The fading of the purely object-oriented view – since 1990


Surprisingly little is new in the word of software design.

Discussions in Linkedin, January 2019, promoted me to put on record that:

·         agile development principles are older than programming

·         software system theory is older and broader than “object-oriented thinking”

·         design tradeoffs related to decomposition and decoupling are eternal and universal.


The aim here is also to propose that balancing tradeoffs is more important than following uni-directional principles

And we ought to look again at system theory in the broad, rather than from a purely “object-oriented” angle.



Background. 1

The emergence of OO programming languages. 2

Early OO thinking – and challenges to it 3

Common OO principles - and tradeoffs. 6

Decoupling and SOA.. 7

Decomposition and microservices. 8

Conclusions. 8



The general principles of software system design inform OO thinking, but stand independent of it.

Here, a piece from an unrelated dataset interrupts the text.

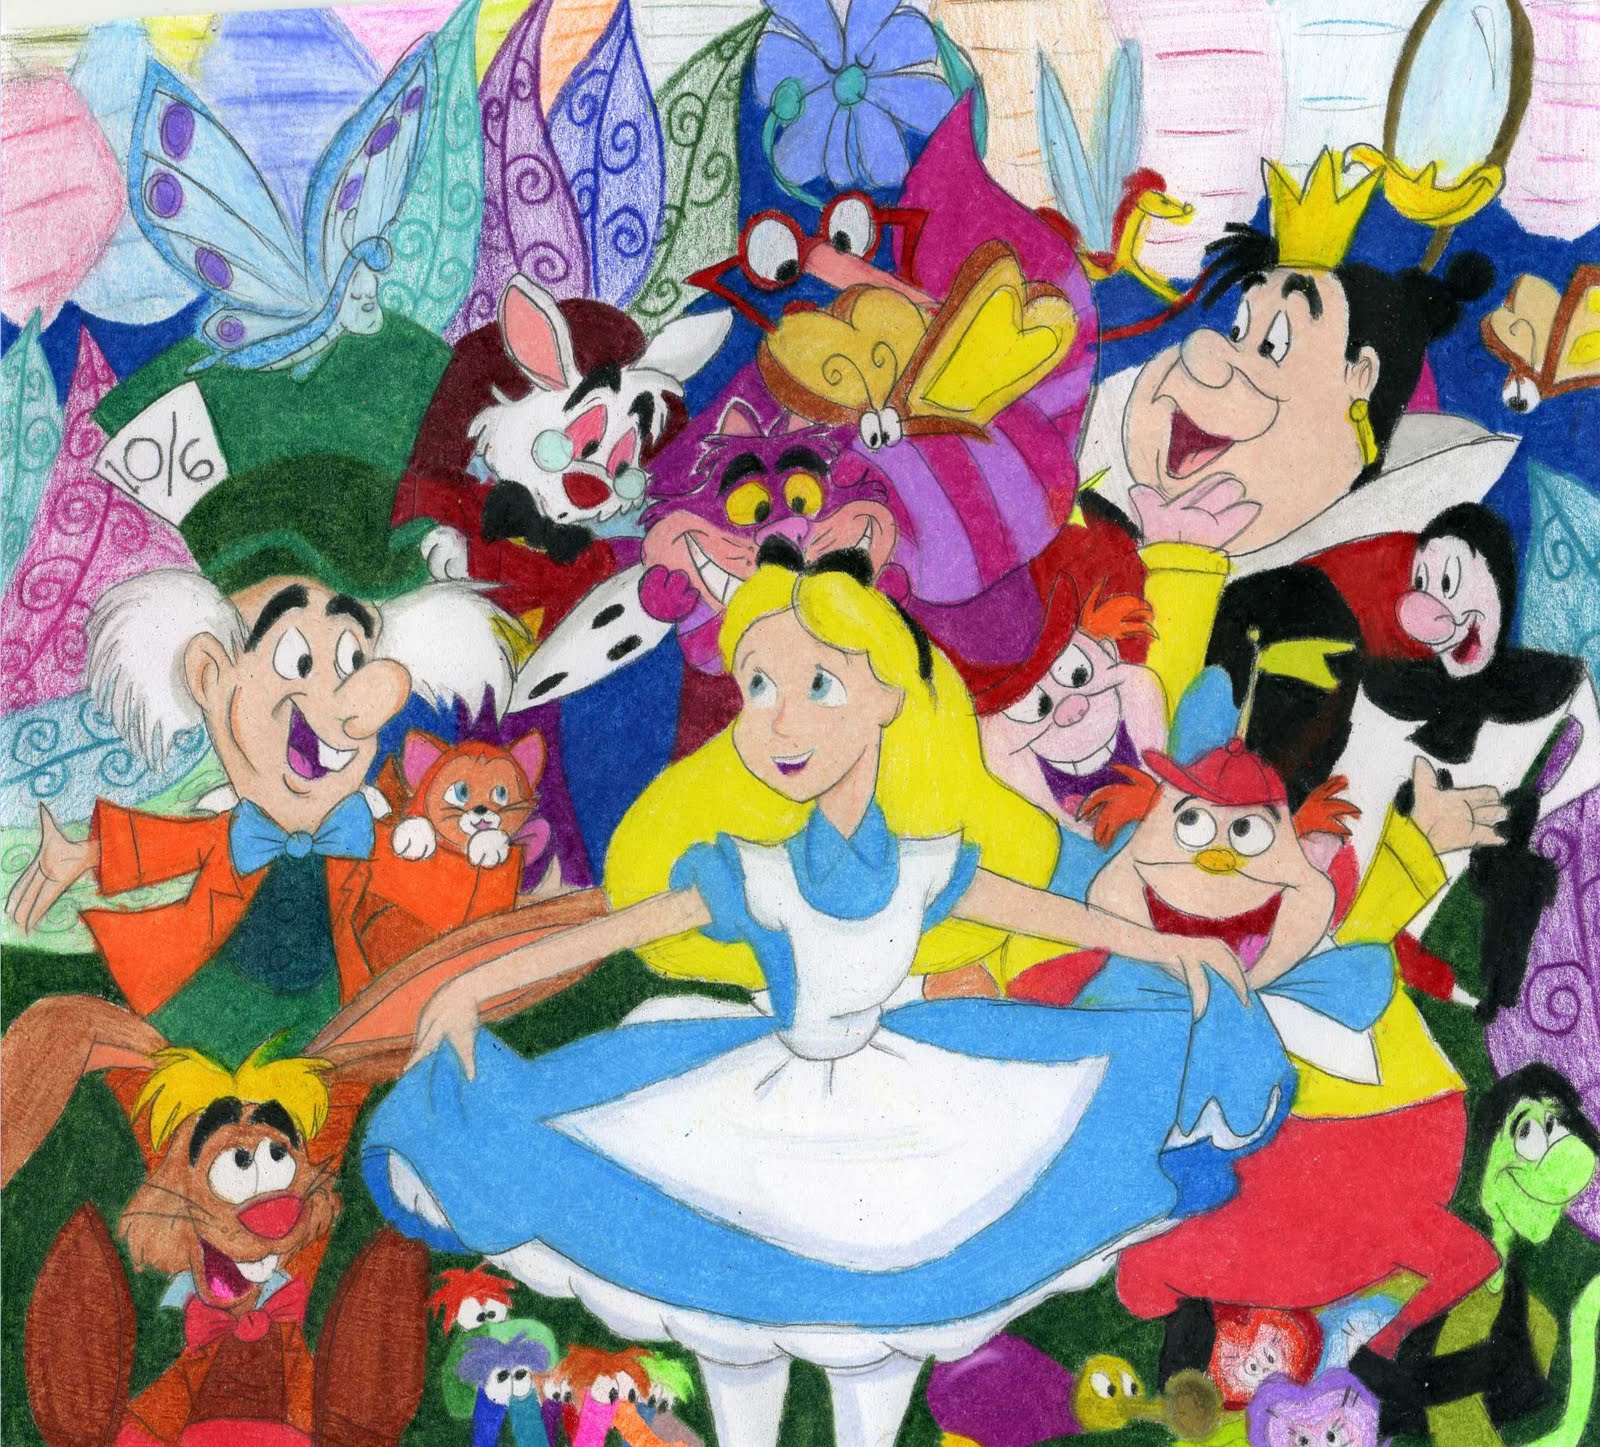  48  Disney Alice in Wonderland Wallpaper on WallpaperSafari

The system of interest here is a software system.

It is a discrete event-driven system.

It responds to input events (messages) by performing operations.

It is deterministic; it commonly determines what to do by comparing input data against persistent state data (memory).

The memory takes the form of a data structure that relates data types of interest to users of the system.


A system of this kind can be described from various viewpoints, as shown in this table.



Behavioral view

Structural view

External view

Operation contracts

System interface

Internal view




The previous paper introduced some general design tradeoffs that are relevant to agile software development

It is presumed that readers of this paper have read the previous one, including the notes on

·         Decomposition and decoupling

·         The simplicity v flexibility trade off

·         Where to specify and code business rules?

This paper adds notes on basic “object-oriented” principles, and their limitations.

The emergence of OO programming languages

COBOL was designed for business applications that process large data structures.

It was supposed to be readable (if verbose) and maintainable.

People wrote un-maintainable code – due to the lack of disciplined modular design.


OO programming languages came to prominence at the end of the 1980s.

OOPLs were designed for applications that process small data structures.

They were supposed to be elegant (non-verbose) and efficient - and maintainable.

People still wrote un-maintainable code – partly due to the difficulty of processing large data structures.


The first books and papers on OO software design (e.g. by Grady Booch, and by Shlaer and Mellor) included case studies.

In some case studies, the OO program’s objects represented the stateful objects (sensors and motors) of a real-time process control system.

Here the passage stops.